The U.S.’s top general reassured South Korea that President Donald Trump is making a diplomatic solution to tensions with North Korea his priority, as administration officials sought to tamp down fears of imminent nuclear war.
Marine Gen. Joseph Dunford, chairman of the U.S. Joint Chiefs of Staff, reaffirmed the U.S. commitment to protect South Korea after a meeting with President Moon Jae-in, spokesman Park Su-hyun told reporters in Seoul on Monday. “Dunford told Moon everyone hopes to resolve the current situation without going to war,” Park said.
While a U.S. military spokesman said Dunford “affirmed the ironclad commitment of the U.S. to the alliance” with South Korea, he indicated the general also made clear during his meetings in Seoul that military action against North Korea remains a possibility. “He conveyed America’s readiness to use the full range of military capabilities to defend our allies and the U.S. homeland,” Captain Darryn James said in a statement.
Central Intelligence Agency Director Mike Pompeo and National Security Adviser H.R. McMaster said in separate Sunday talk show appearances that there’s no indication war will break out.
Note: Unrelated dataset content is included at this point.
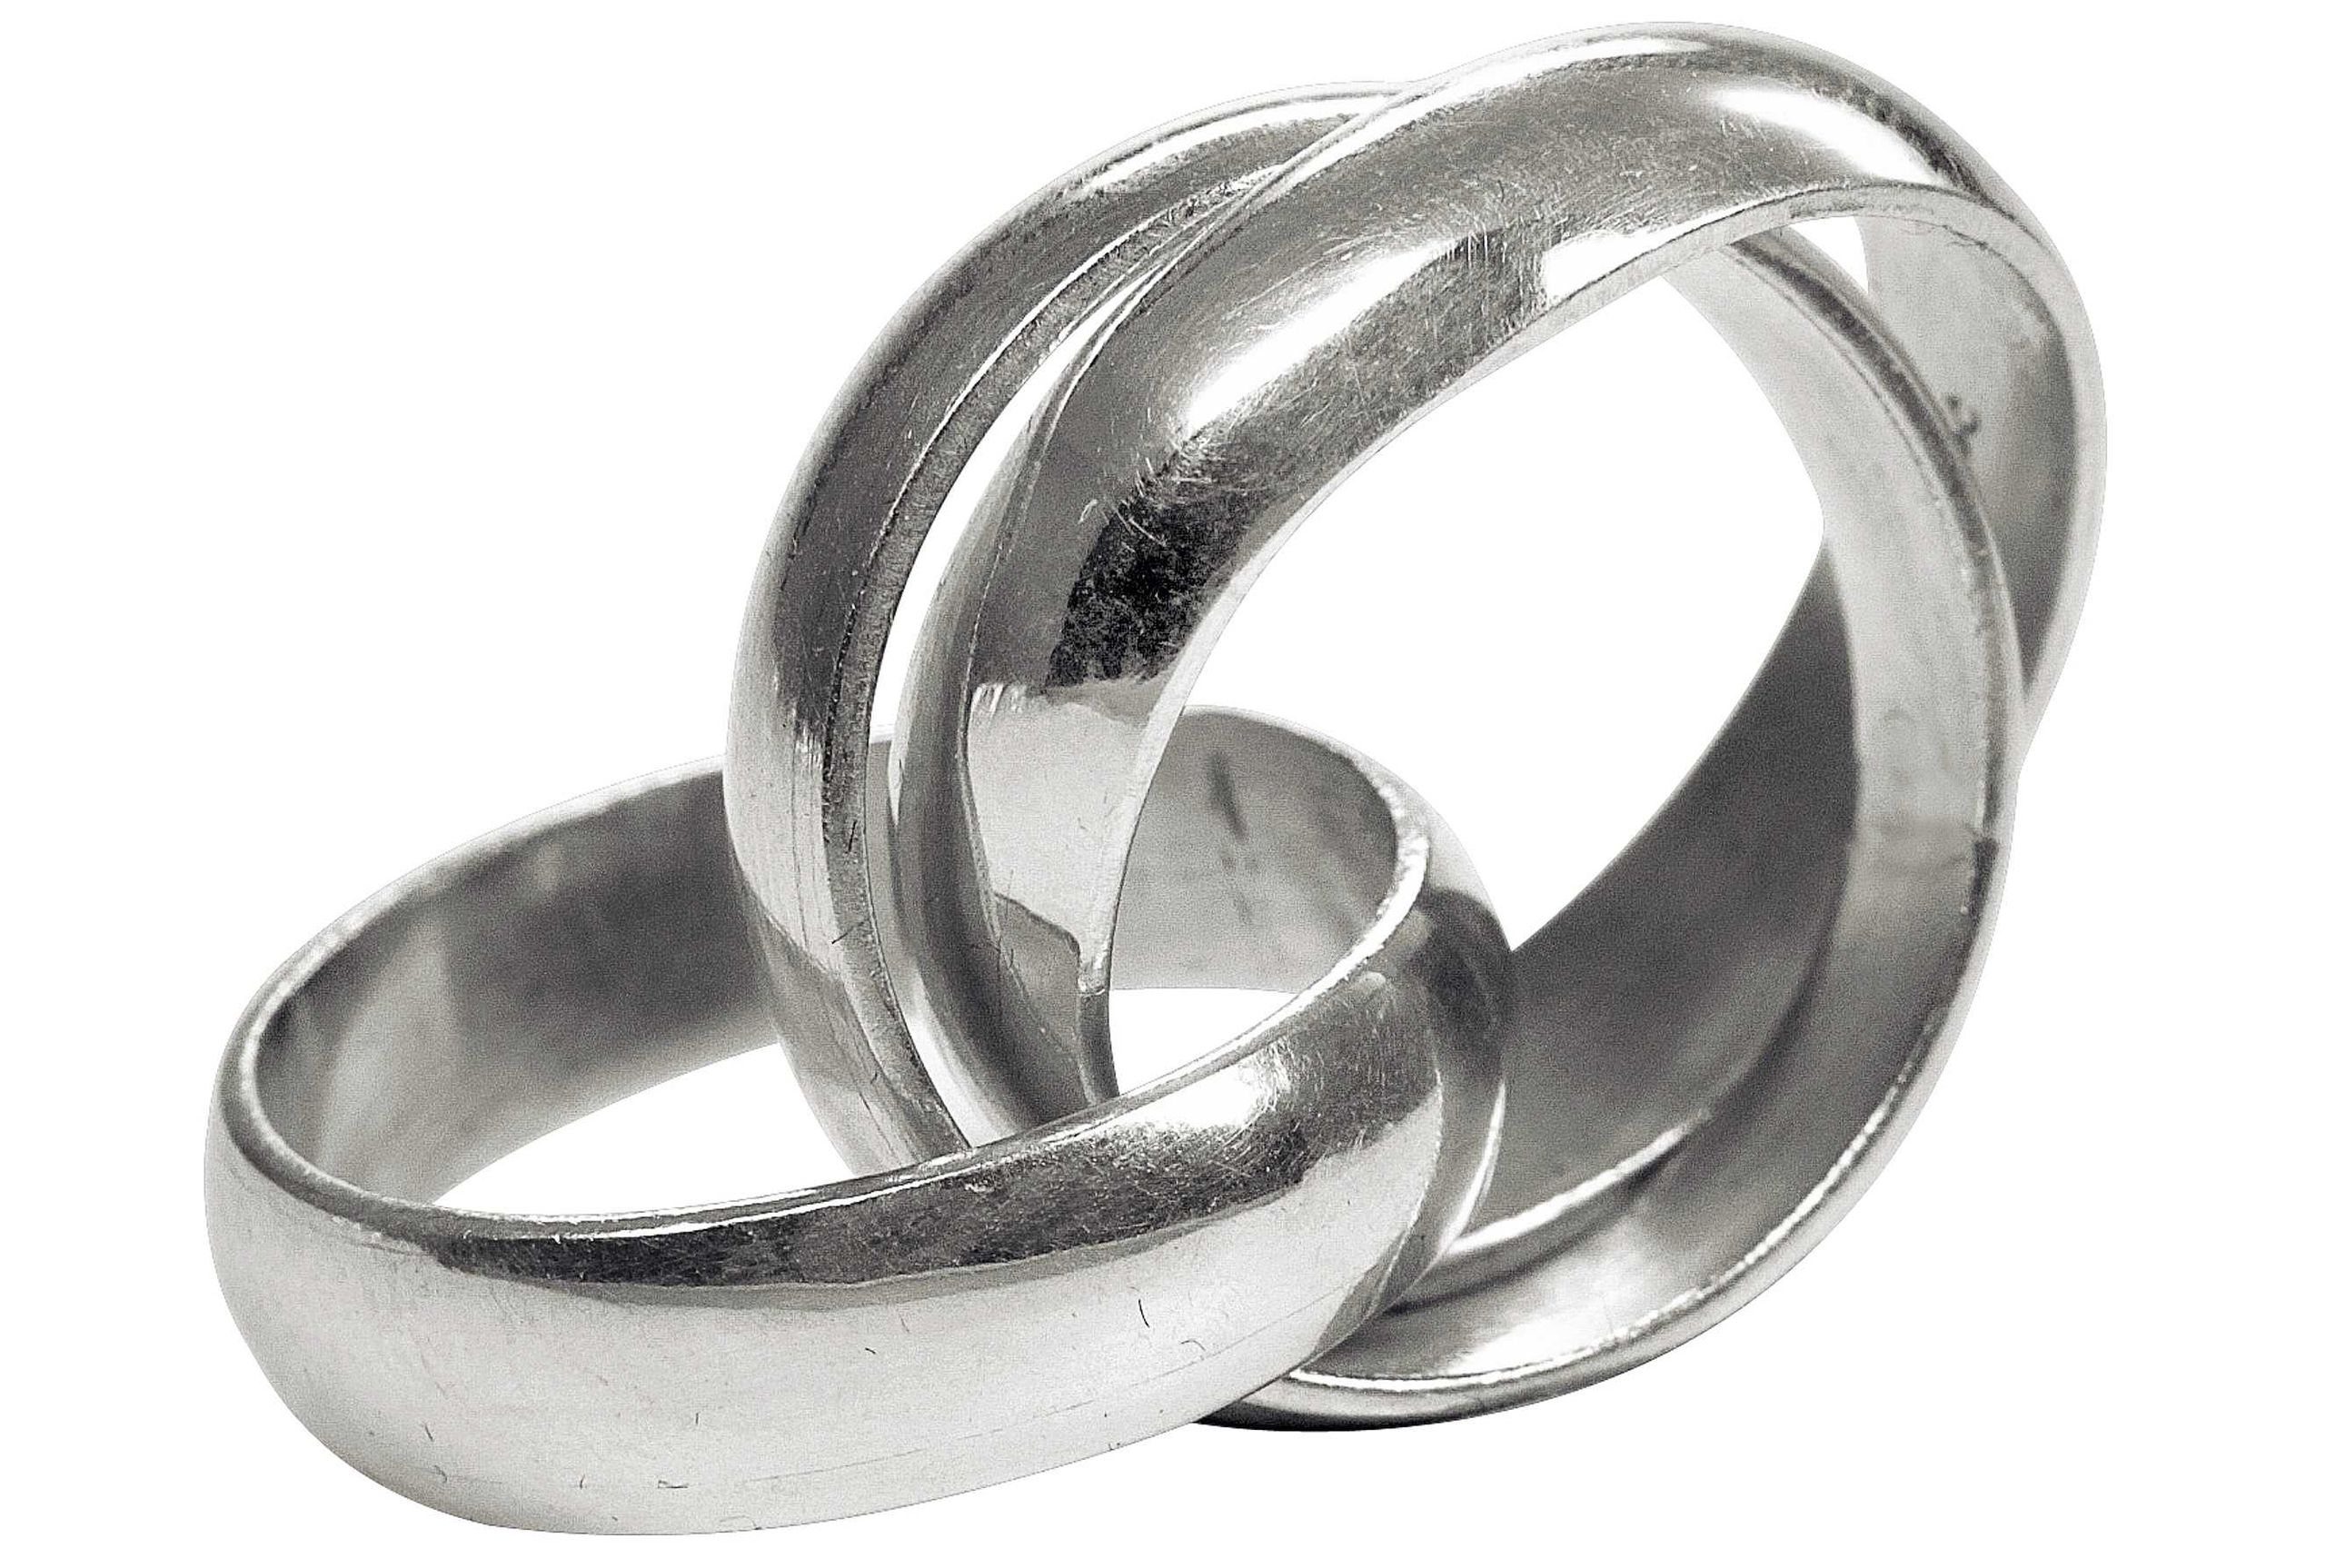 Geschmiedeter Dreierring aus Silber in den Größen 64 bis 70 mit glänzender Oberfläche. Die drei einzelnen Ringe sind frei beweglich.

Like Dunford, they walked a fine line in backing Trump’s tough talk directed at Pyongyang, but not wanting to raise the alarm at home.
The comments suggest at least a temporary halt in the war of words between Trump and North Korean leader Kim Jong Un, which sparked fears of a miscalculation that could lead to an actual military conflict. Global stocks gained and volatility receded as the prospect of war between the U.S. and North Korea appeared to cool.
“I’ve heard folks talking about that we’re on the cusp of a nuclear war,” Pompeo said on Fox News. I’ve seen no intelligence that would indicate that we’re in that place today.”
Pompeo said that U.S. intelligence has a “pretty good idea” about North Korea’s near-term intentions after monitoring recent intercontinental missile tests and the country’s improved ability to manufacture nuclear weapons.
McMaster, appearing on ABC said, “We’re not closer to war than a week ago, but we are closer to war than we were a decade ago.”
Following Trump’s vow to unleash “fire and fury” on North Korea, Kim’s regime threatened to fire four Hwasong-12 missiles over Japan into waters near Guam, home to U.S. military bases in the region. The U.S. and its allies warned Kim against such a move, and Japan deployed four Patriot missile interceptors into the western part of the country.
Some analysts expect further escalation in the coming days as both North and South Korea celebrate the Aug. 15 anniversary of the end of Japan’s occupation of the Korean peninsula, and the latter conducts joint military exercises with the U.S. from Aug. 21. Japan is also holding annual military drills with the U.S. over the next few weeks.
The U.S. hasn’t taken any public steps to prepare for hostilities, including evacuating Americans from Seoul, which is within range of North Korean artillery, or moving ships, aircraft or troops into position for an imminent response. The U.S. has about 28,500 troops stationed in South Korea.
Pompeo and McMaster defended Trump’s sometimes personal message aimed at Kim.
Trump “made clear that the United States will not tolerate our citizens or our allies being threatened by this rogue regime,” McMaster said. “Our response is we are prepared militarily to deal with this if necessary.”
Pompeo said Trump’s comments were designed to send an unambiguous message to the country that it needs to disarm its nuclear weapons and that the U.S. won’t tolerate a first strike. When asked whether he was confident Kim would heed that message, he said, “It’s a very difficult situation in North Korea.”
Some former military and intelligence officials questioned whether the harsh rhetoric from the Trump administration is the right approach.
James Clapper, director of national intelligence under President Barack Obama, said on CNN that it was unclear what would set off Kim. While Trump’s goal of North Korea abandoning its nuclear weapons may be appealing, it’s unrealistic, Clapper said.
“That is their ticket to survival, and I don’t see any way that they’re going to give it up,” he said. “Our thought process here ought to be on accepting it and trying to cap it or control it.”